• INSTRUCTIONS TO FOLLOW: From the first line to the last, restate the material word for word, omitting pictures.

• DATA SEGMENT:
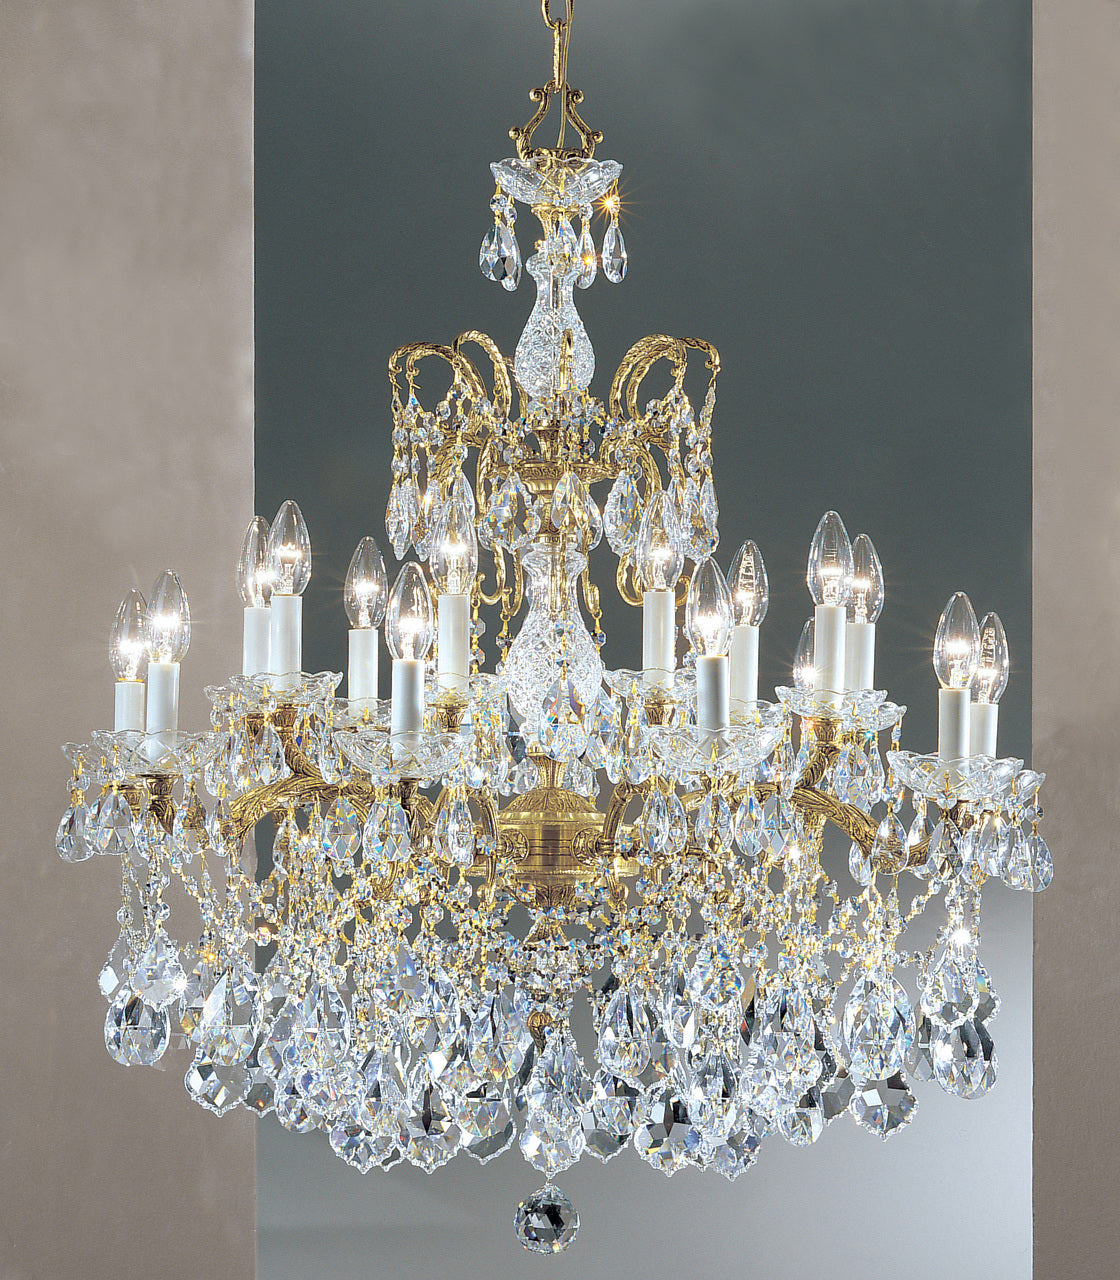 Classic Lighting 5548 OWB PAM Madrid Imperial Crystal/Cast Brass Chandelier in Olde World Bronze (Imported from Spain)
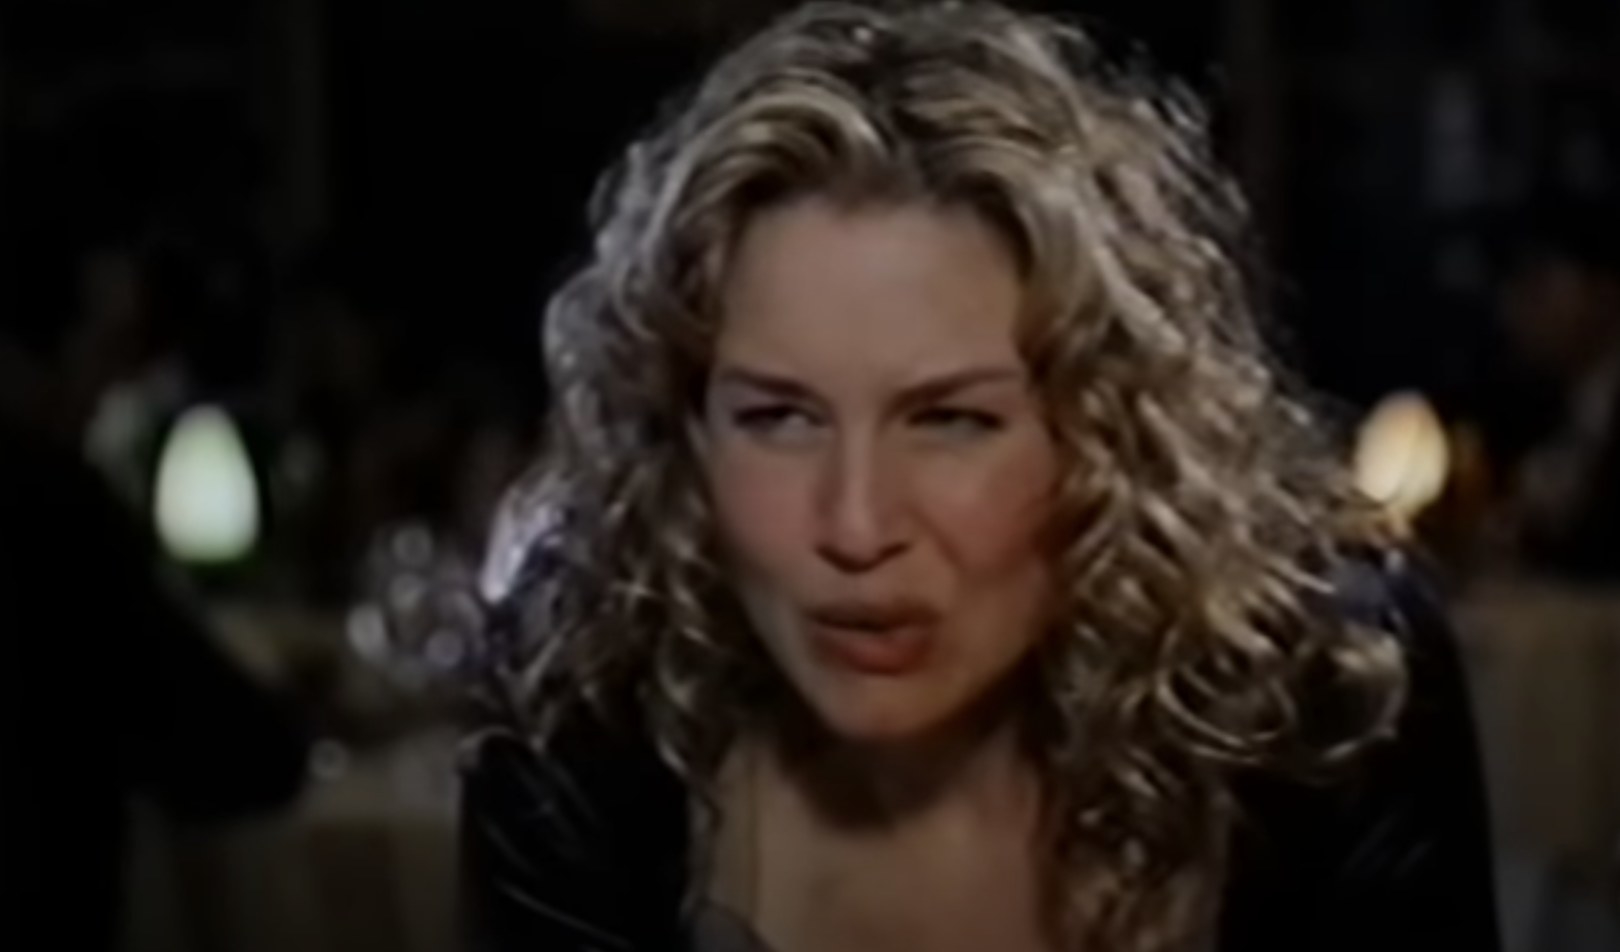 Renée Zellweger has curly blonde hair and she looks at someone off-screen.
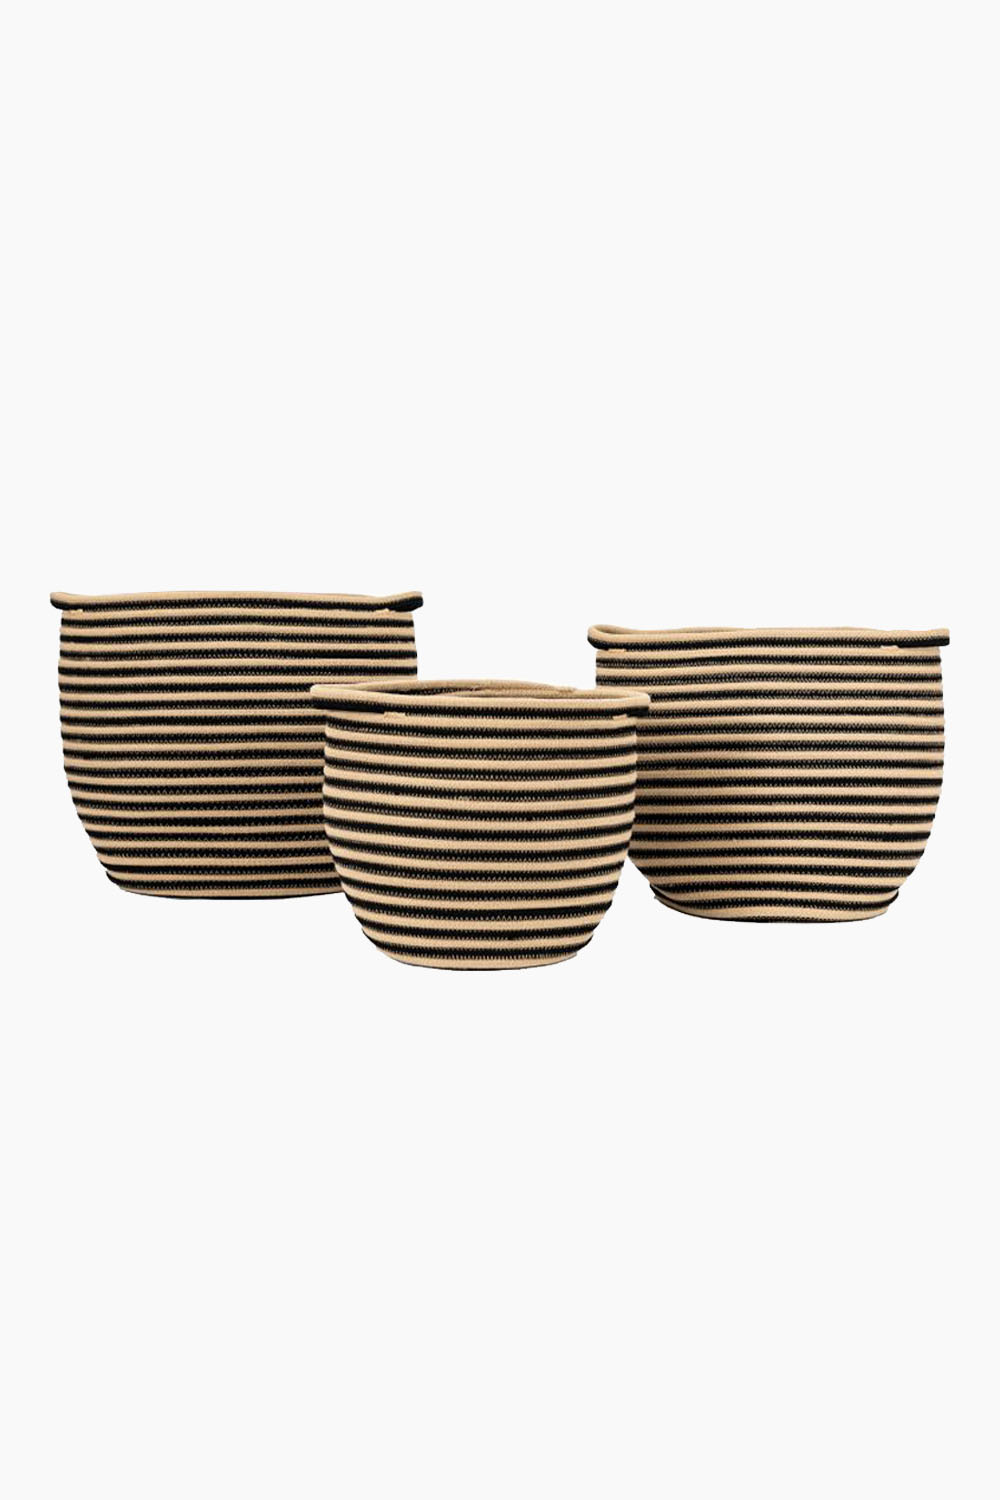 Rope Striped Baskets Set of 3

• ANSWER AREA:
 Classic Lighting 5548 OWB PAM Madrid Imperial Crystal/Cast Brass Chandelier in Olde World Bronze (Imported from Spain)
 Renée Zellweger has curly blonde hair and she looks at someone off-screen.
 Rope Striped Baskets Set of 3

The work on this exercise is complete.